This is a forked gensim version, which edits the default doc2vec model to support pretrained word2vec during training doc2vec. It forked from gensim 3.8.
The default doc2vec model in gensim does't support pretrained word2vec model. But according to Jey Han Lau and Timothy Baldwin's paper, An Empirical Evaluation of doc2vec with Practical Insights into Document Embedding Generation(2016), using pretrained word2vec model usually gets better results in NLP tasks. The author also released a forked gensim verstion to perform pretrained embeddings, but it is from a very old gensim version, which can't be used in gensim 3.8(the latest gensim version when I release this fork).
- 1.Support pretrained word2vec when train doc2vec.
- 2.Support Python 3.
- 3.Support gensim 3.8.
- 4.The pretrainned word2vec model should be C text format.
- 5.The dimension of the pretrained word2vec and the to be trained doc2vec should be the same.

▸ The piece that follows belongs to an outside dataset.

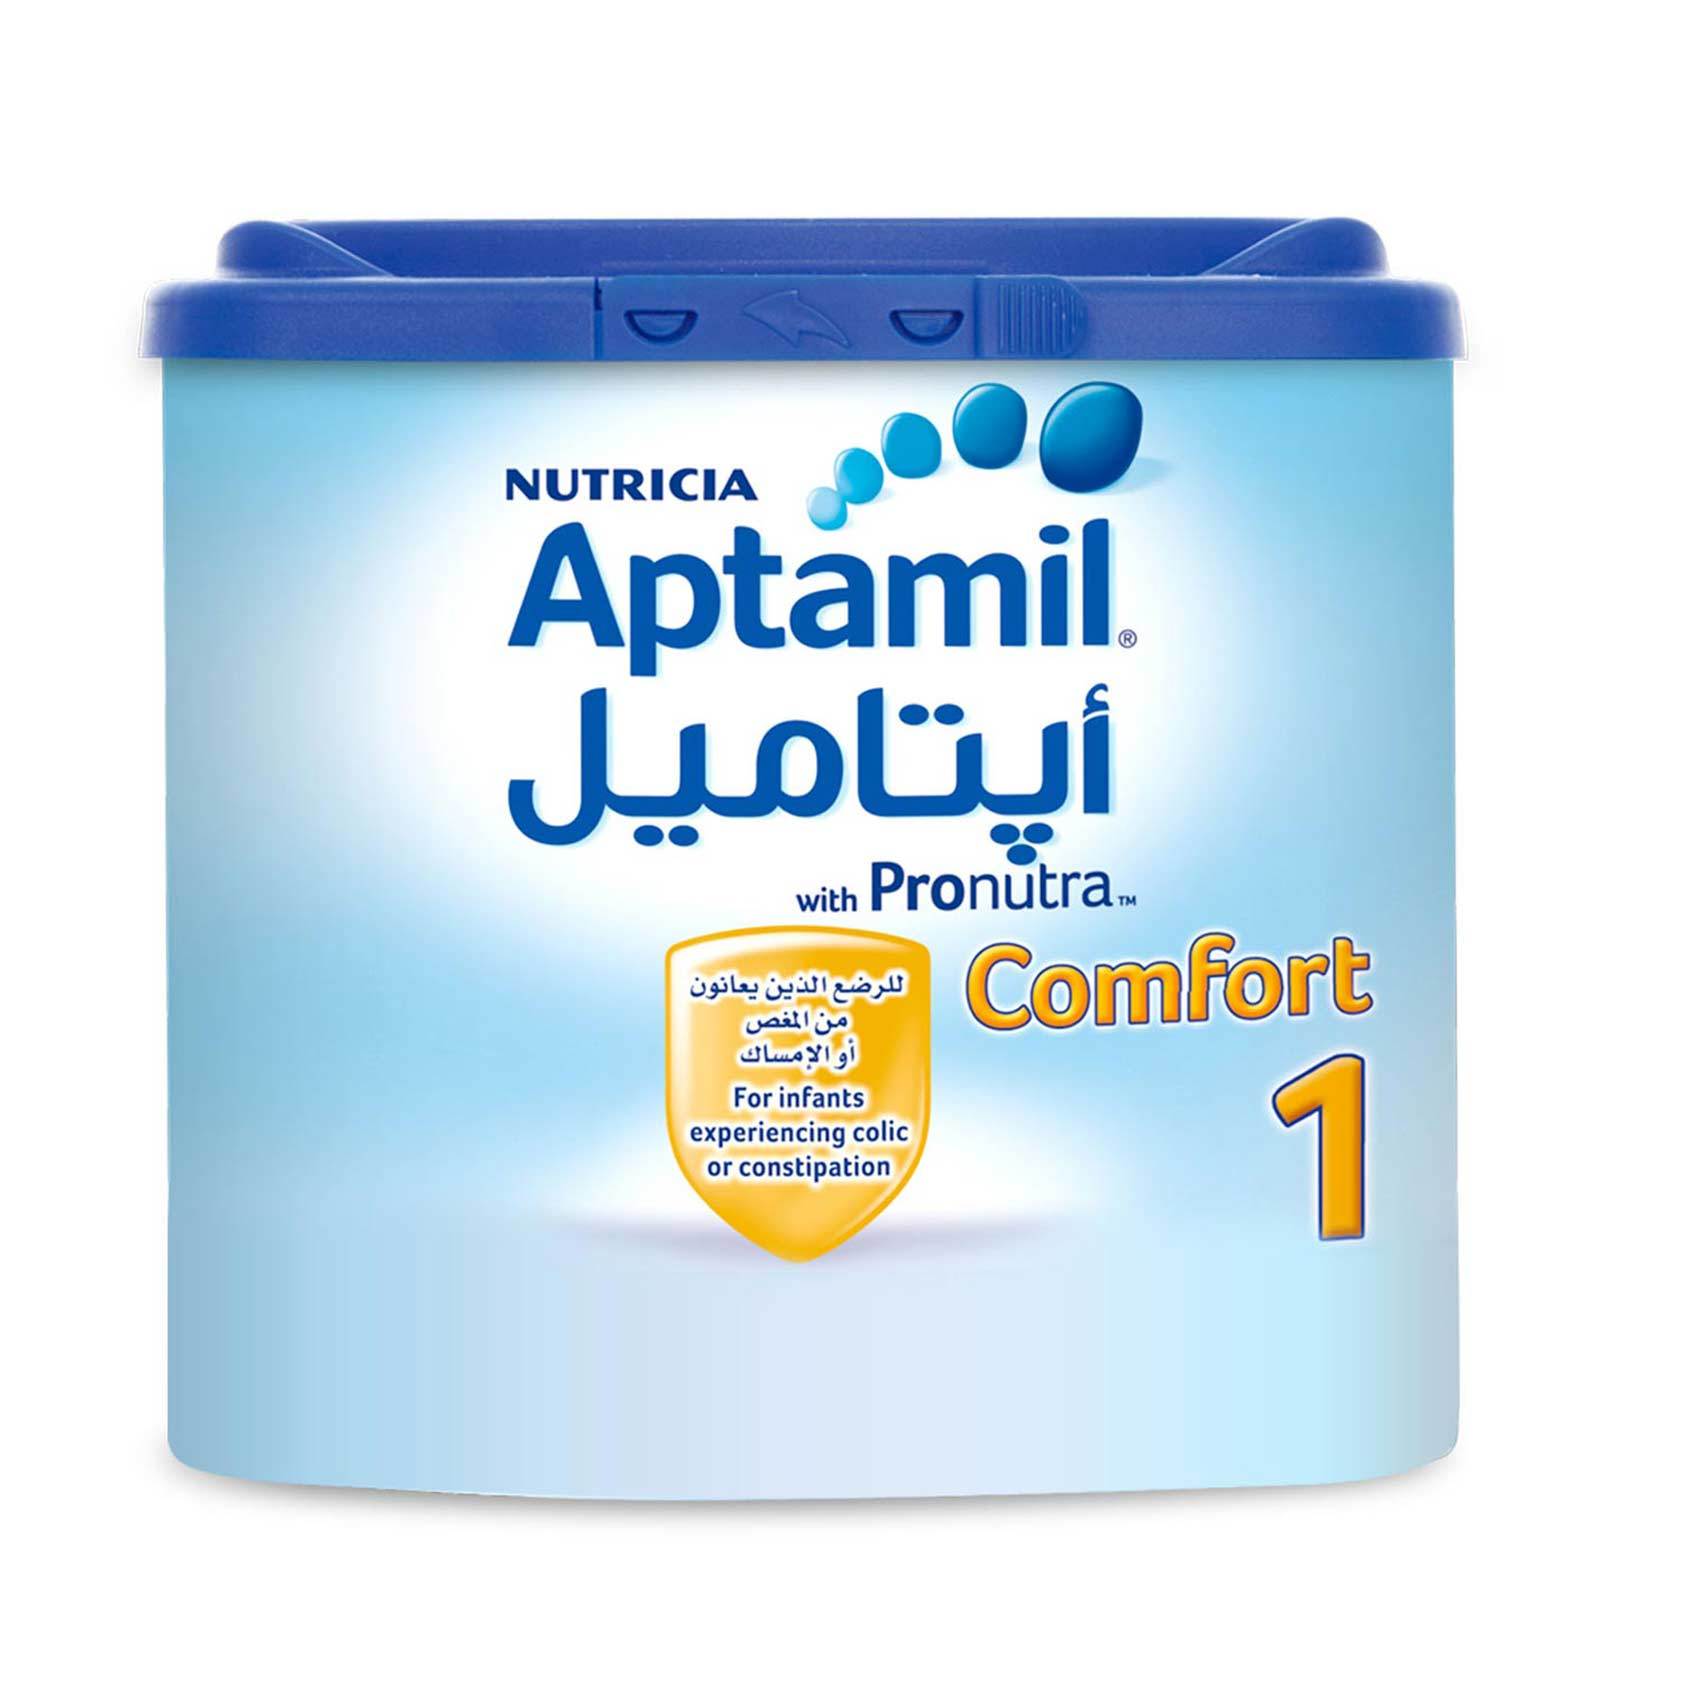 aptamil colic and constipation
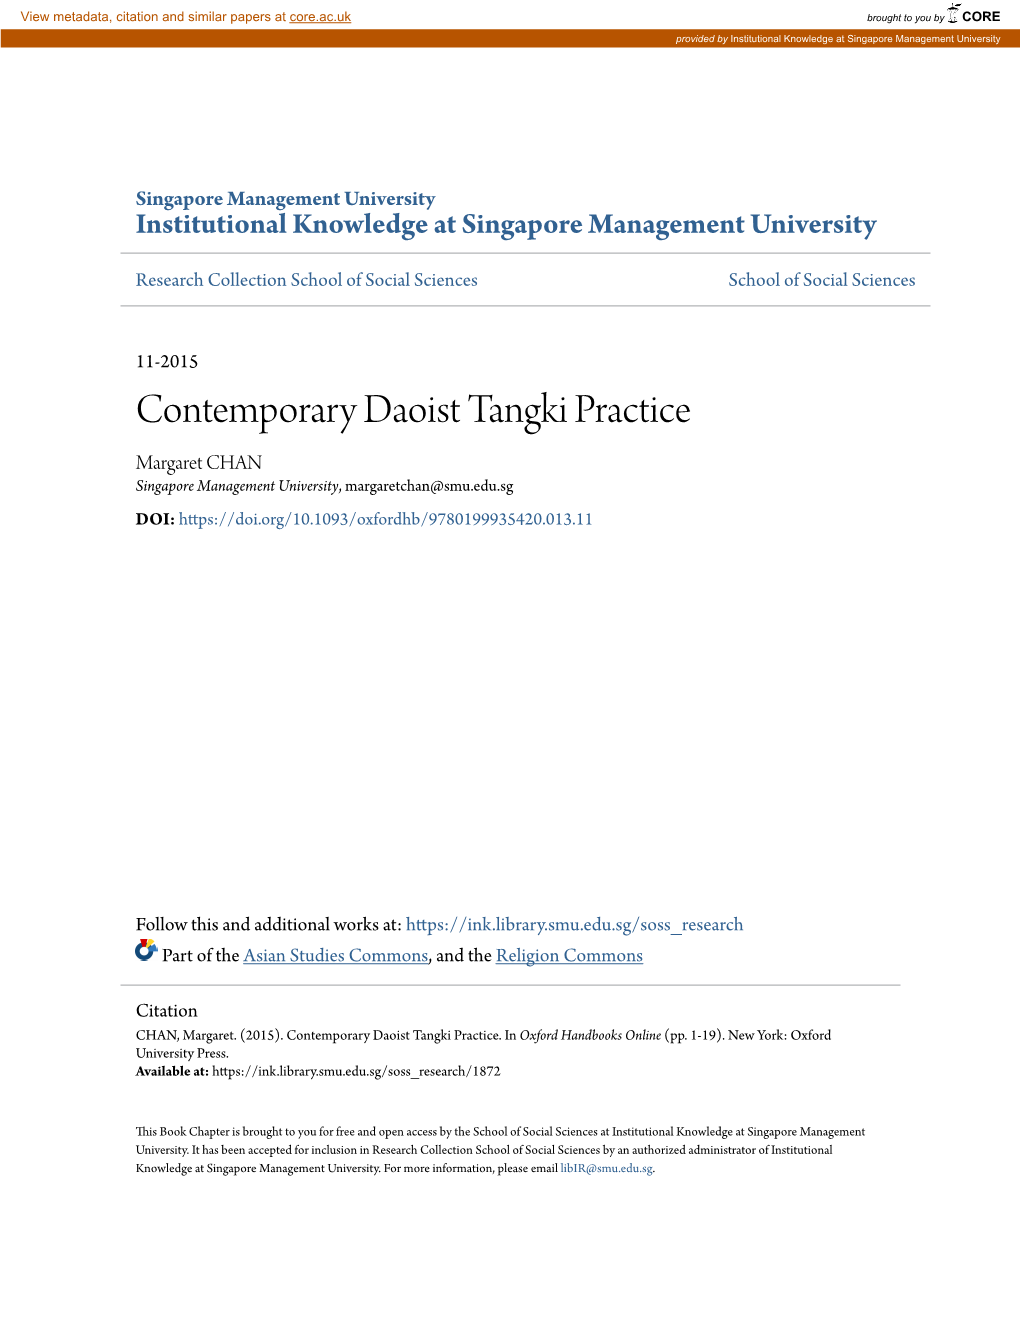 Contemporary Daoist Tangki Practice Margaret CHAN Singapore Management University, Margaretchan@Smu.Edu.Sg DOI

- Clone gensim to your machine
git clone https://github.com/maohbao/gensim.git
- install gensim
python setup.py install
pretrained_emb = "word2vec_pretrained.txt" # This is a pretrained word2vec model of C text format
model = gensim.models.doc2vec.Doc2Vec(
corpus_train, # This is the documents corpus to be trained which should meet gensim's format
vector_size=300,
min_count=1, epochs=20,
dm=0,
pretrained_emb=pretrained_emb)